I have just written the LARGEST piece of source code I have ever done in my entire life. The source code measures about a quarter of a gigabyte, and yes, that does include comments. In fact, one routine probably exceeds all the source code I have ever written, in my BS, my MS, my PhD, and over 30 years of industrial software development.

And even nicer, it is provably correct... the acedemics would drool at that.
So I did a silly little test: for twenty-seven seconds I typed out as quickly as I could an easy-to-think-of sequence, "one two three four..." and it came to 110 bytes, including some errors. At such a rate, without sleeping eating or other dull interruptions, it would take about two years, I had my machine tell me, to produce a quarter of a gigabyte. I actually don't think I could tolerate more than a couple hours of just typing on just one thing in any given day, so that forty years is a more reasonable estimate.

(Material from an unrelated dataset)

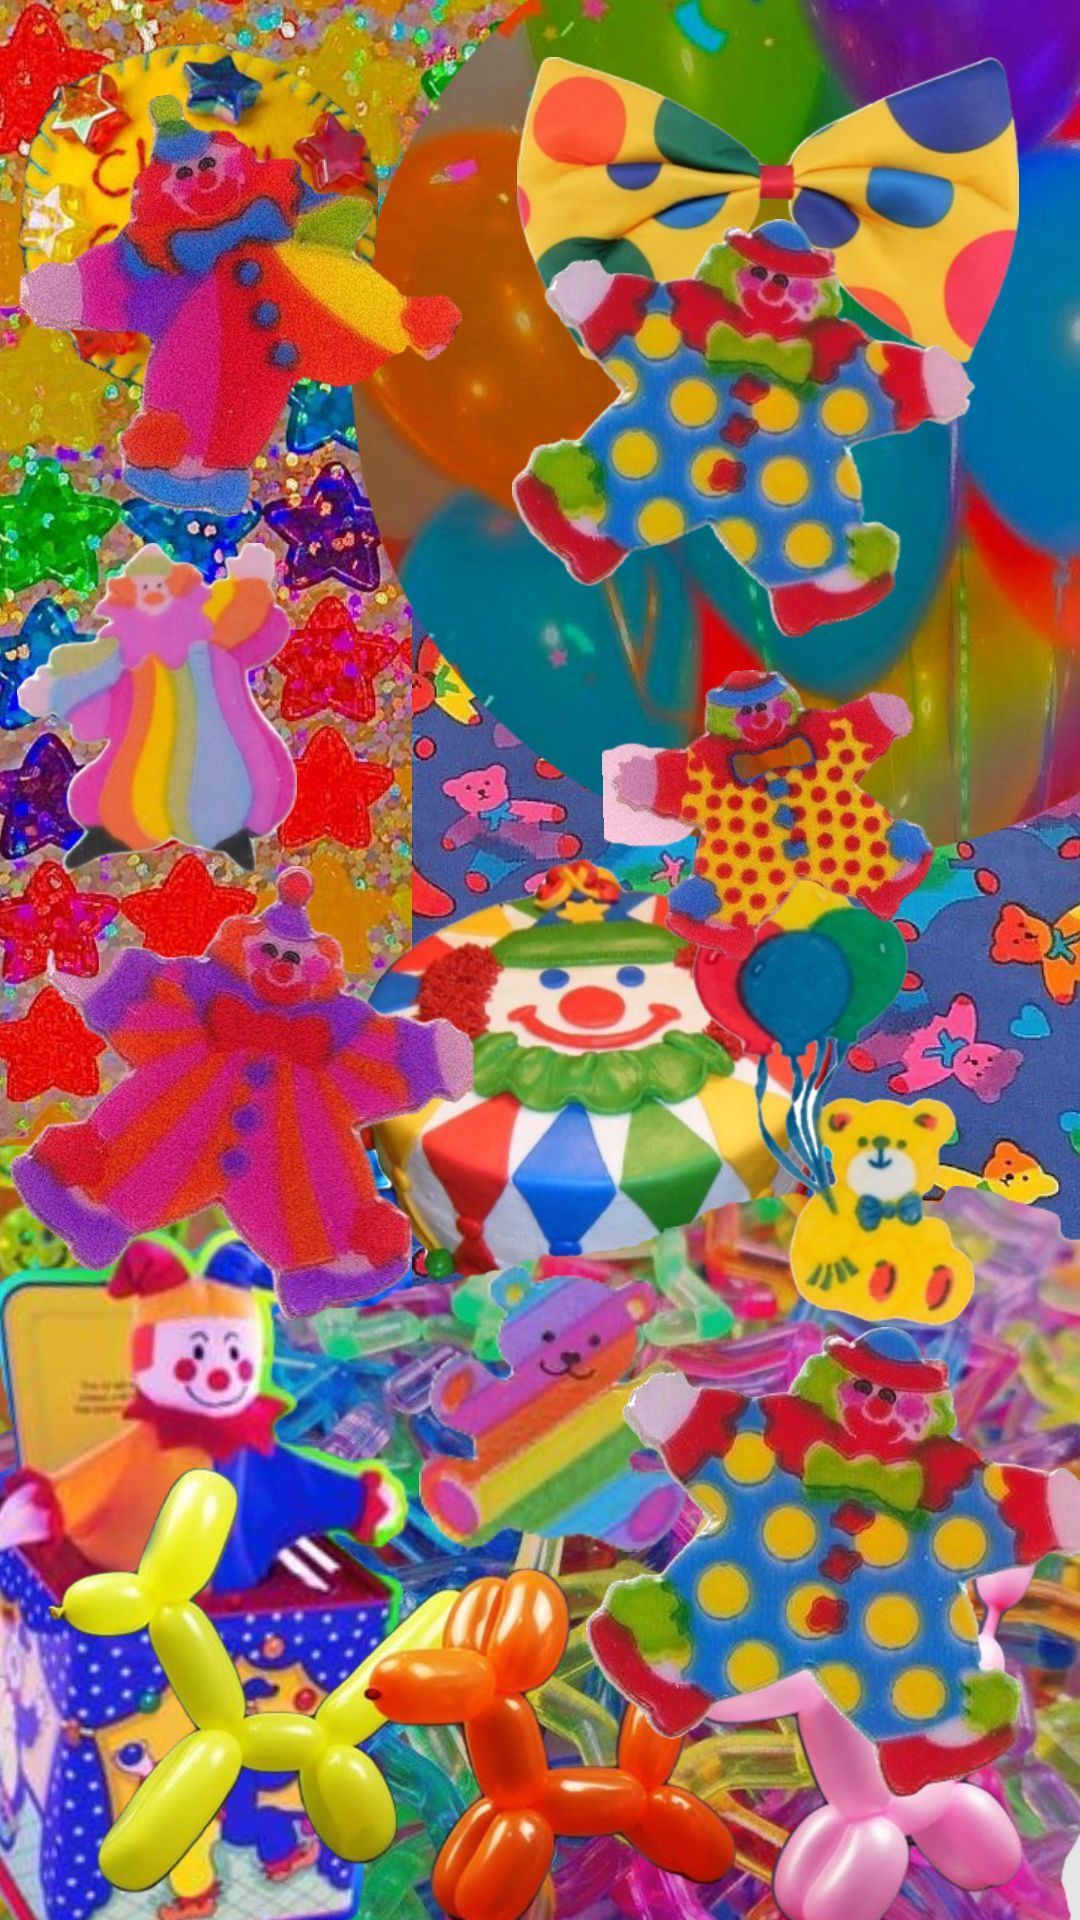 IPhone wallpaper with colorful circus balloons, clowns, and animals. - Clown, clowncore

I can only imagine that something of the project involved an automation of the code-writing process; that would not only make the typing go swifter, it would also make the proof-checking simpler for, if you are careful, you can be sure that your helper-program only outputs correct code! Now, the Doctor assures us that his programs are doing something... something for him, though I'm quite ignorant as to what, except that one of them I'm pretty sure is writing the last of them.

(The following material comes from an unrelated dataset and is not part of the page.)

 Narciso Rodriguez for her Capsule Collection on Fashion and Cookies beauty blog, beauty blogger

Now, I don't really know why Dr. Thursday insists on having such a huge program to do I-don't-know-what, because there's a much shorter program that will do everything. Yes, everything. Well, given infinite space to work in, it will eventually do everything that can be done by an ordinary computer in finite time. It's called algorithmic search and takes about $n^2 \log(n)$ steps to run the first $n$ programs about $n$ steps each, unless they stop first. Now, admittedly, this is something of a blunt-force weapon, much like proving Wiles' Theorem That Settled Fermat's Last Puzzle by listing all the proofs possible. Now that we know it has a proof, we know you'll get to a proof eventually, but whether that happens before the next big crunch I don't know.

But, there it is.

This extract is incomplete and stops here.